[Tcp_tw_recycle and tcp_timestamps]
Refer to the official documentation (http://www.kernel.org/doc/Documentation/networking/ip-sysctl.txt), tcp_tw_recycle explains as follows:
The tcp_tw_recycle option is used to Enable fast recycling TIME-WAIT sockets. Default value is 0.
The tcp_timestamps option is used to Enable timestamps as defined in RFC1323. Default value is 1.
These two options are the control options provided by the Linux kernel. They have nothing to do with specific applications, and a large amount of related information can be found online, but the information is incomplete, the main issues are as follows;
1) How fast is fast recovery?
2) some documents say that you only need to open tcp_tw_recycle, and some say that you want tcp_timestamps to open at the same time. Which of the following statements is correct?
3) Why is the option invalid when I initiate a client connection from the virtual machine NAT?
To answer the above questions, you can only read the code and see some relevant code for your reference:
===== Linux-2.6.37 net/ipv4/tcp_minisocks.c 269 ======
Void tcp_time_wait (struct sock * sk, int state, int timeo)
{
Struct inet_timewait_sock * tw = NULL;
Const struct inet_connection_sock * icsk = inet_csk (sk );
Const struct tcp_sock * tp = tcp_sk (sk );
Int recycle_ OK = 0;
// Determine whether to recycle quickly. here we can see that tcp_tw_recycle and tcp_timestamps can be quickly recycled only when both options are enabled,
// Further judgment conditions will be analyzed later. The further judgment conditions are related to the third question.
If (tcp_death_row.sysctl_tw_recycle & TP-> rx_opt.ts_recent_stamp)
Recycle_ OK = icsk-> icsk_af_ops-> remember_stamp (SK );
If (tcp_death_row.tw_count <tcp_death_row.sysctl_max_tw_buckets)

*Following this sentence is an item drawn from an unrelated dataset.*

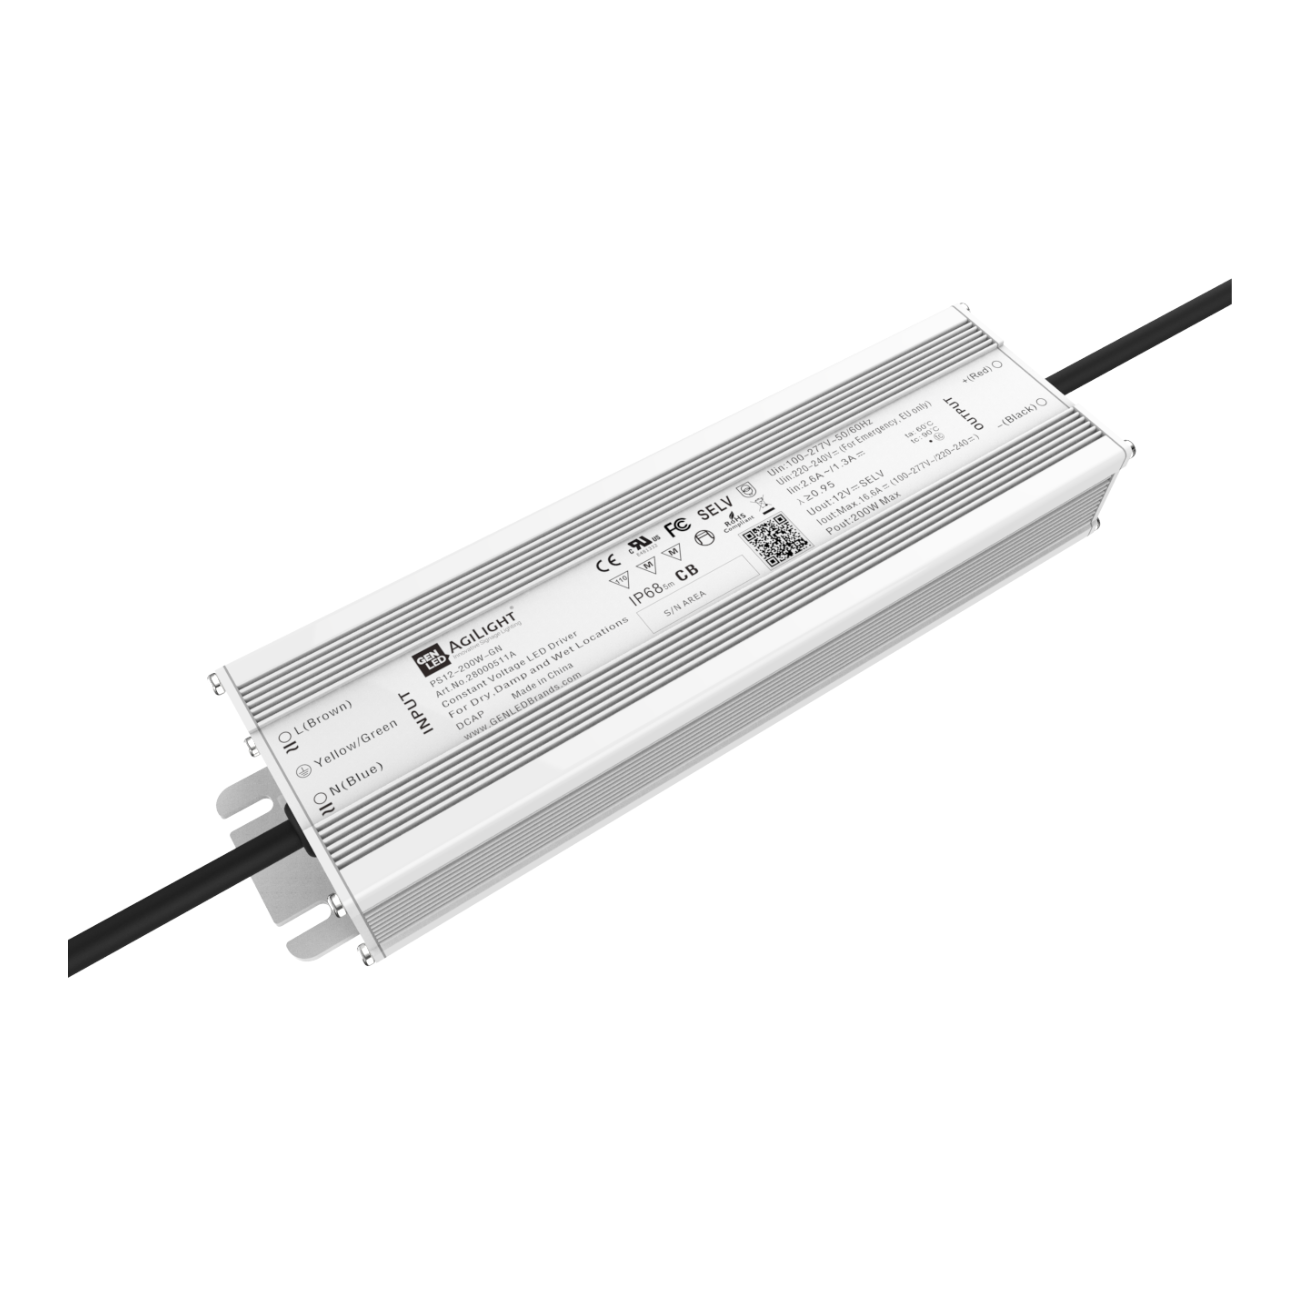 AgiLight PS12-200W-GN (200W/12V) LED-Netzteil

Tw = inet_twsk_alloc (SK, State );
If (TW! = NULL ){
Struct tcp_timewait_sock * tcptw = tcp_twsk (struct sock *) Tw );
// Calculate the time for fast recovery, which is equal to RTO * 3.5. The key to answering the first question is the approximate amount of RTO (Retransmission timeout ).
Const int RTO = (icsk-> icsk_rto <2)-(icsk-> icsk_rto> 1 );
//...... A lot of code is omitted here ......
If (recycle_ OK ){
// Set the time for fast recovery
Tw-> tw_timeout = rto;
} Else {
Tw-> tw_timeout = TCP_TIMEWAIT_LEN;
If (state = TCP_TIME_WAIT)
Timeo = TCP_TIMEWAIT_LEN;
}
//...... A lot of code is omitted here ......
}
RFC has detailed provisions on RTO calculation, a total of three: RFC-793, RFC-2988, RFC-6298, Linux implementation is reference RFC-2988.
If you are interested in these algorithm rules and Linuxde implementation, you can study them in depth. In actual application, we only need to remember the following two Linux boundary values:
===== Linux-2.6.37 net/ipv4/tcp. c 126 ========================
# Define TCP_RTO_MAX (unsigned) (120 * HZ ))
# Define TCP_RTO_MIN (unsigned) (HZ/5 ))
========================================================== =
The HZ here is 1 s, so it can be concluded that the maximum RTO is 120 s and the minimum is 200 ms. for LAN machines, RTO is usually 200 ms, therefore, 3.5 RTO is 700 ms.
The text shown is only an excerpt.